Thanks, golden-shower dick. I don't really care how many chicks Robert Kelly pisses and shits on; all of his music still sucks ass. "R&B" is such a horrible music genre to start with, but then to glorify a single asshole as the king of that ceaseless shit-volcano just seems pointless to me. It's like crowning the biggest carp in the Mississippi River for being the greatest shit-eater ever, ya know? Whoooptie-fuckin-do! You're prolifically spreading more bullshit across the world, congrats! Go ahead and make another love song that hits the top 40 so I can grind my teeth for another three months, asshole . . . I just hope the next one won't top the ol' "Bump and Grind."
It's fairly simple: an everlasting ride on an incinerating elevator surely has to have some 'elevator music.' Well, "Bump and Grind" plays for eternity during the entire ride---there; that's my definition of Hell.
01.002395551. Prince - Pussy Control
I love this shit. Every feature uses this song to open their set, and every in-house stripper thinks this is her theme song while shaking her ass to this poppy and apparently invigorating anthem for suicidal masochists who can pull off wearing a thong without making lonely men turn their heads. Every owner, security guard, deejay, and boycotting evangelist in the fuckin' parking lot knows what this song is.
Is it the worst song in the world? No. It's just sad that the lyrics in the song give the stripper on stage some confidence she's severely lacking when there are no black lights and no one watching. I got five on it that she probably cries while home alone, too. If you know this stripper personally, feed her to failure.
Honorable, played-out mentions that
DON'T piss me off while in the deejay booth:
AMG - Bitch Betta Have My Money
Rage - Killing in the Name Of
Gucci Mane - Pills
Type O Negative - Black No. 1
KoRn - A.D.I.D.A.S (the remix, of course.)
D4L - Scotty. (I don't give a fuck where you at, nigga. Get geeked up.)
Def Leppard - Pour Some Sugar Man Juice On My Chest Because My Asshole Is Occupied At The Moment, Wanker.
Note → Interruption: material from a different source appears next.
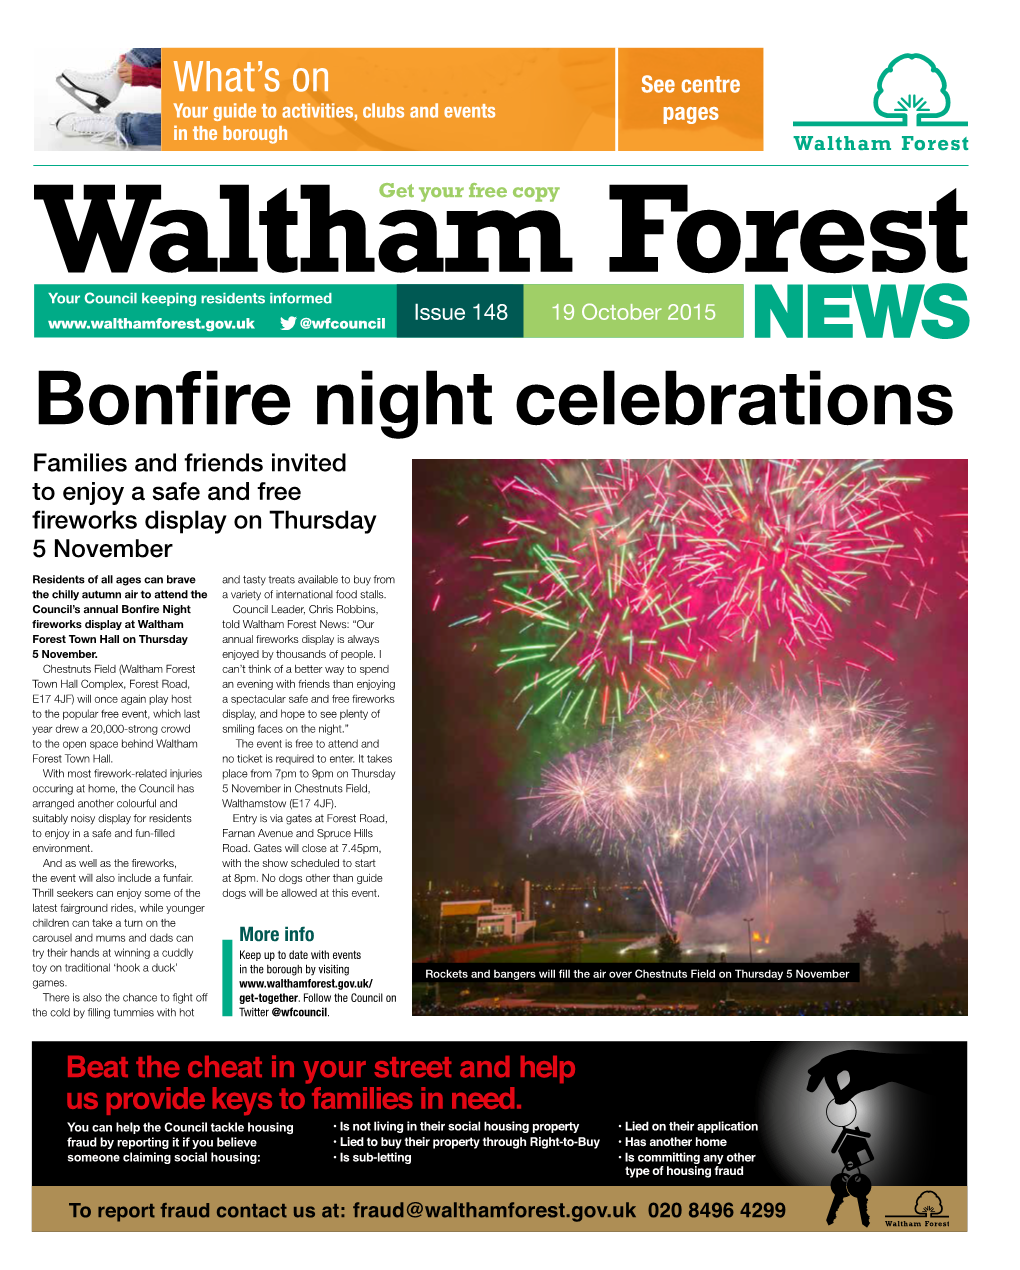 Bonfire Night Celebrations Families and Friends Invited to Enjoy a Safe and Free Fireworks Display on Thursday 5 November

AC/DC - Thanks For Supporting Us The Last 25 Years While We Played The Same Six Chords On Guitar Every Fuckin' Song . . . We Salute You!
Metallica - Hey!! Did You Pay For That? (Super-Hyper, Lars & Hetfield Underground Remix Only/Limited Edition, Hard Copy For Bikers In AA.)
. . . anything by Mushroomhead.
. . . anything by ICP/Zug Izland (Is "Hiroshima" the greatest song ever, or what!?!?!)
And this is
the end.
Last night a deejay saved your life?